Top row: Cohan, Weld. Bottom: Cachola, Lo. |

Isabel Cachola, Kyle Lo, Arman Cohan, Daniel Weld are the authors of a recent paper on summarizing papers. They are all connected in various way to the Allen Institute for Artificial Intelligence.

Today we take a moment to try out the webtool that comes with their paper. It is noted also in a news item last week in *Nature*.

They have created a program that reads a science article and outputs a single sentence that summarizes its content. Their goal is to help researchers search through the huge number of published papers faster than looking at abstracts. The software utilizes neural networks trained on many examples.
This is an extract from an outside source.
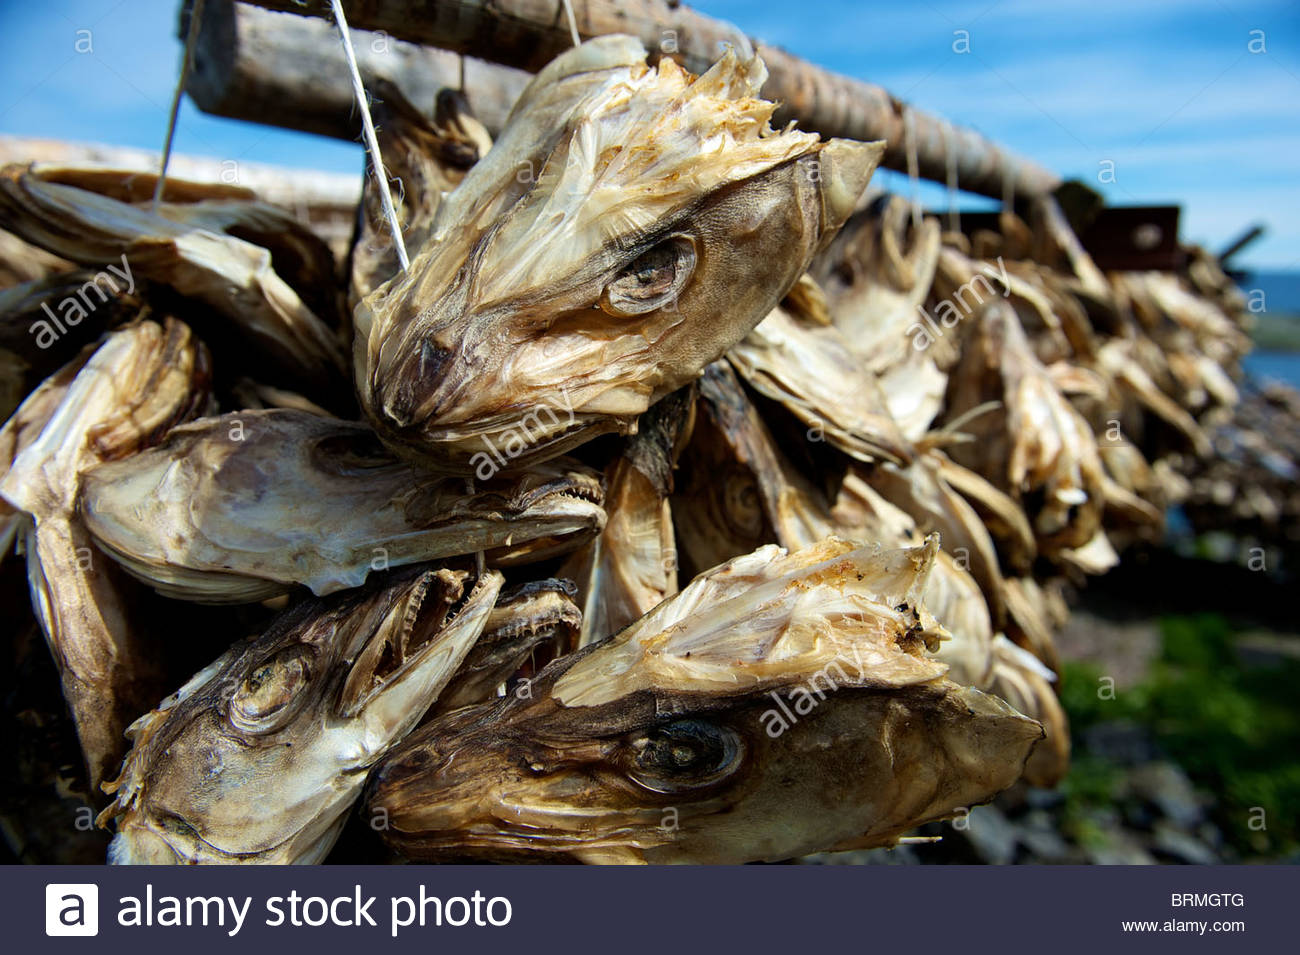 Cod fish head
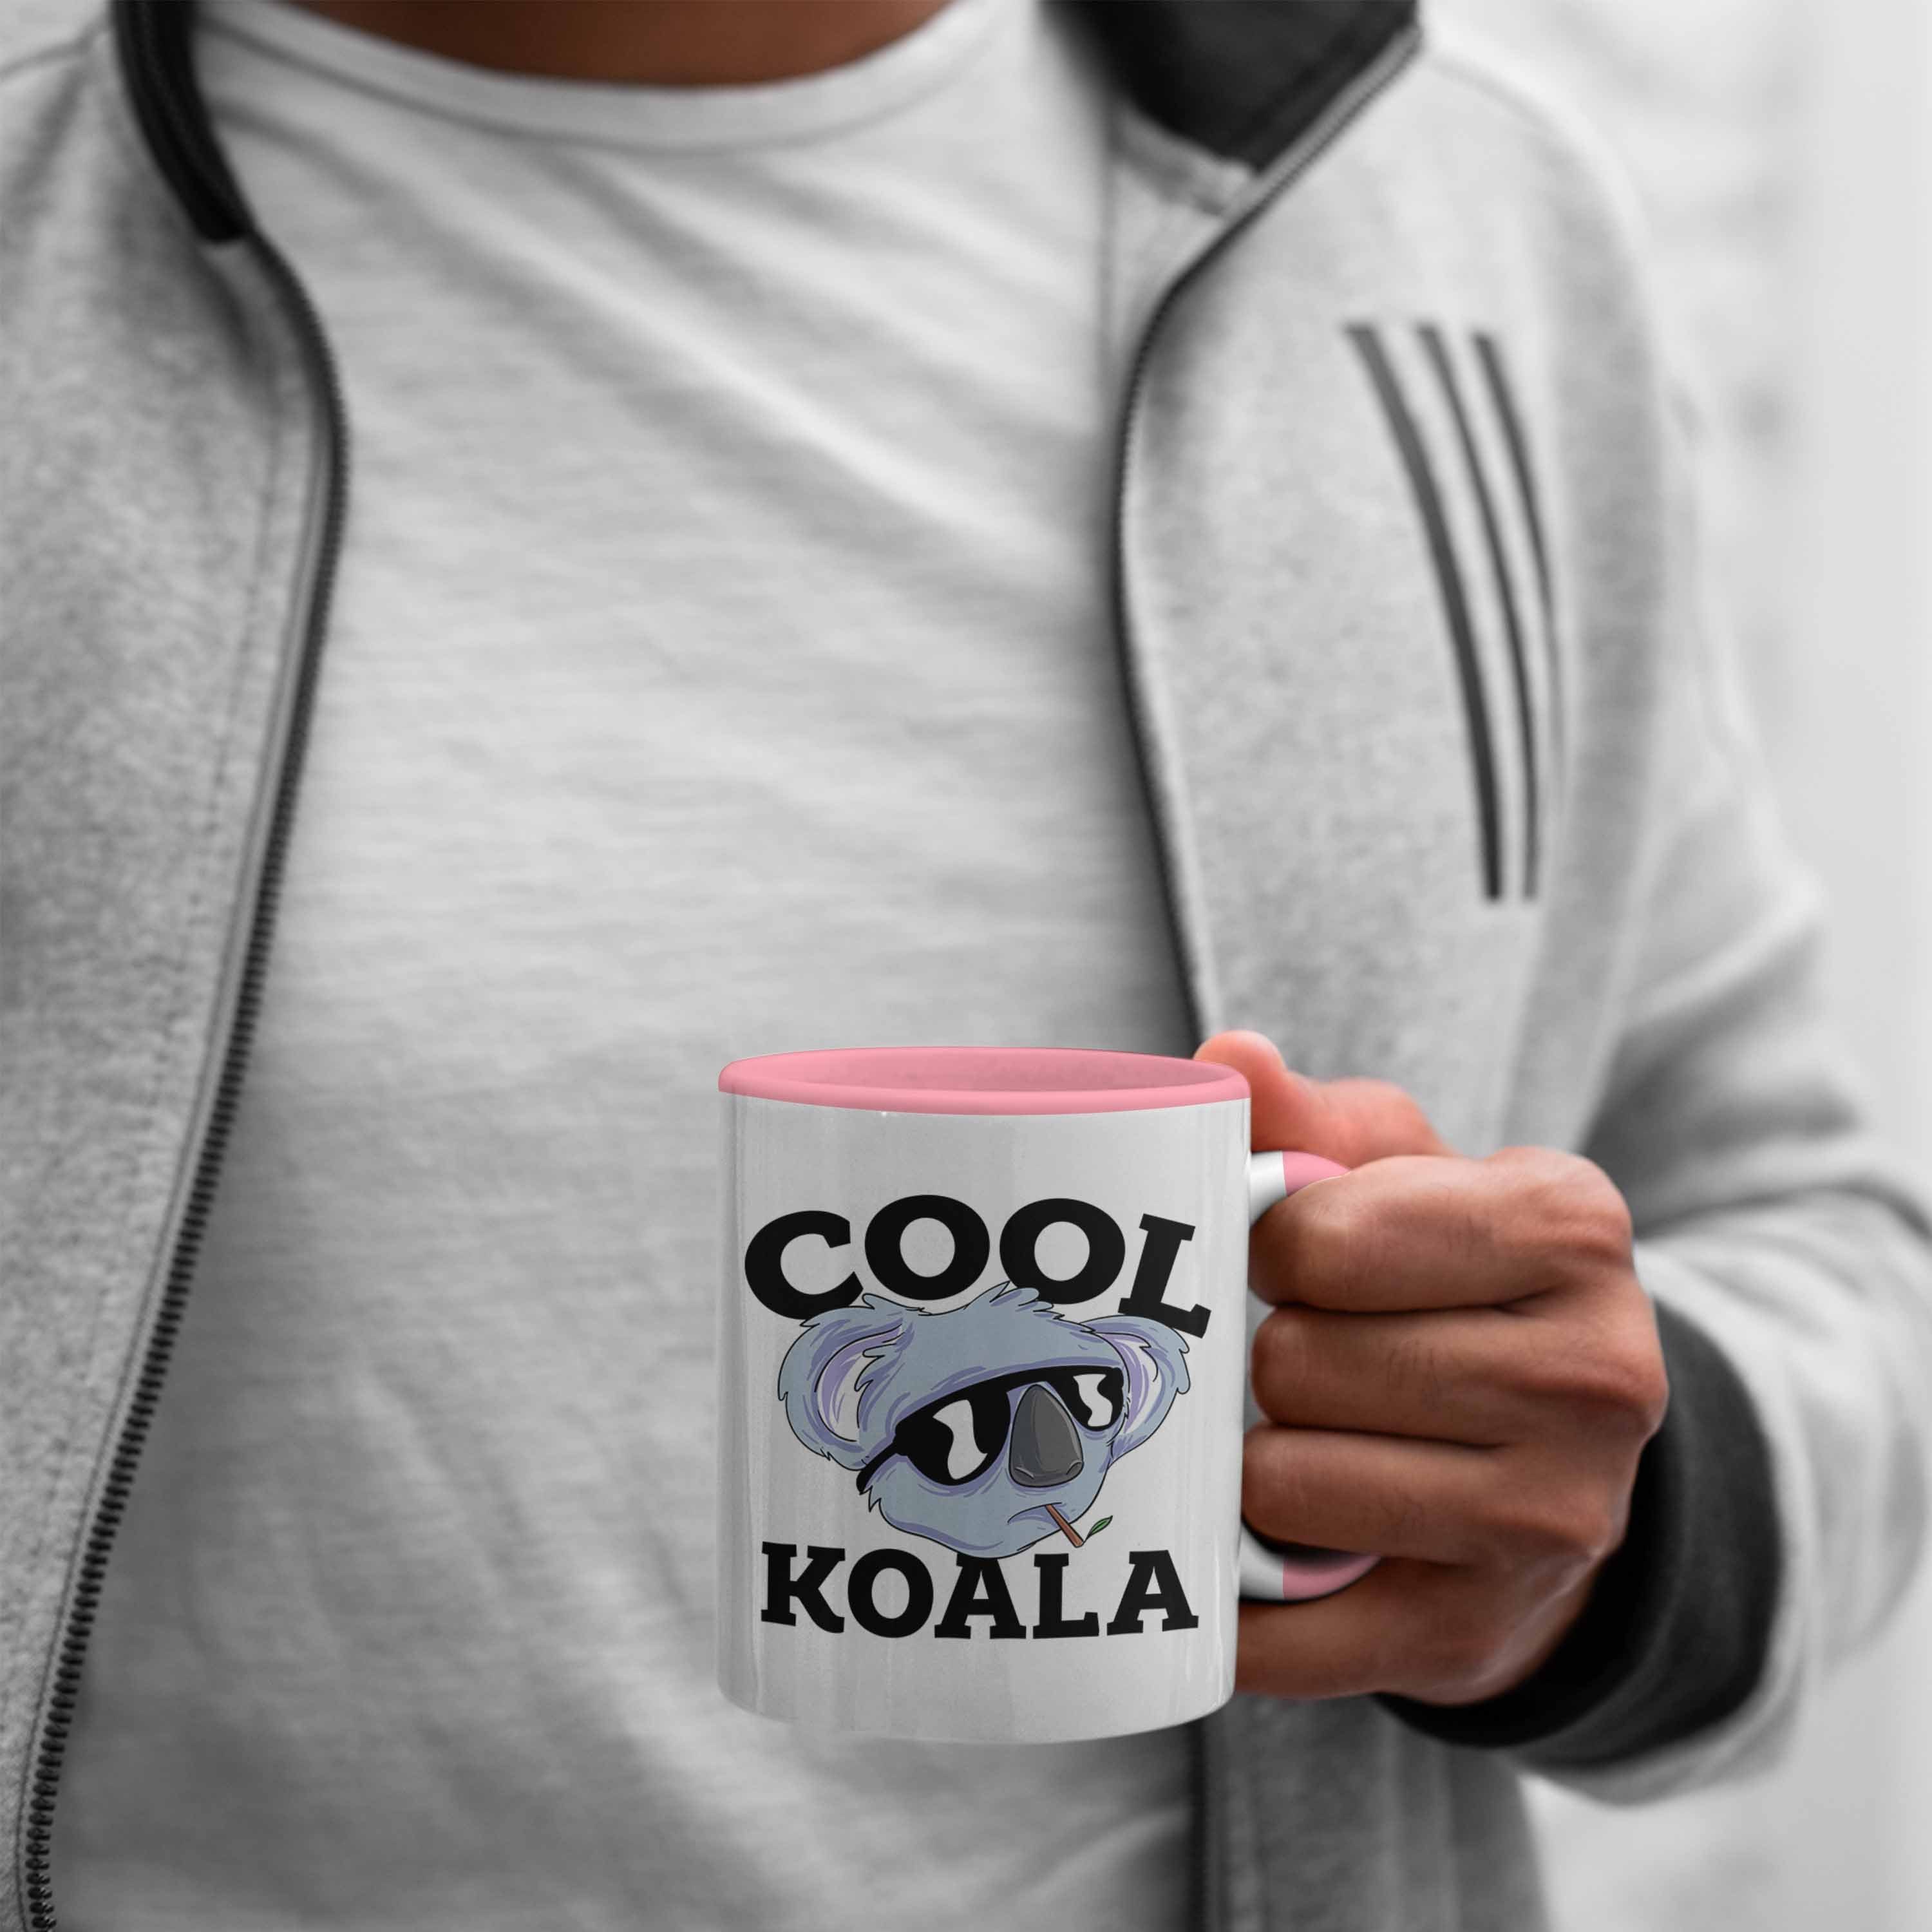 Koala-Liebhaber Rosa Trendation für Koala Geschenkidee Tasse Tasse Tasse Koala-Aufdruck

For example: Their own paper has for its abstract:

We introduce TLDR generation, a new form of extreme summarization, for scientific papers. TLDR generation involves high source compression and requires expert background knowledge and understanding of complex domain-specific language. To facilitate study on this task, we introduce SCITLDR, a new multi-target dataset of 5.4K TLDRs over 3.2K papers. SCITLDR contains both author-written and expert-derived TLDRs, where the latter are collected using a novel annotation protocol that produces high-quality summaries while minimizing annotation burden. We propose CATTS, a simple yet effective learning strategy for generating TLDRs that exploits titles as an auxiliary training signal. CATTS improves upon strong baselines under both automated metrics and human evaluations.

And this becomes:

“We introduce SCITLDR, a new multi-target dataset of 5.4K TLDRs over 3.2K papers.”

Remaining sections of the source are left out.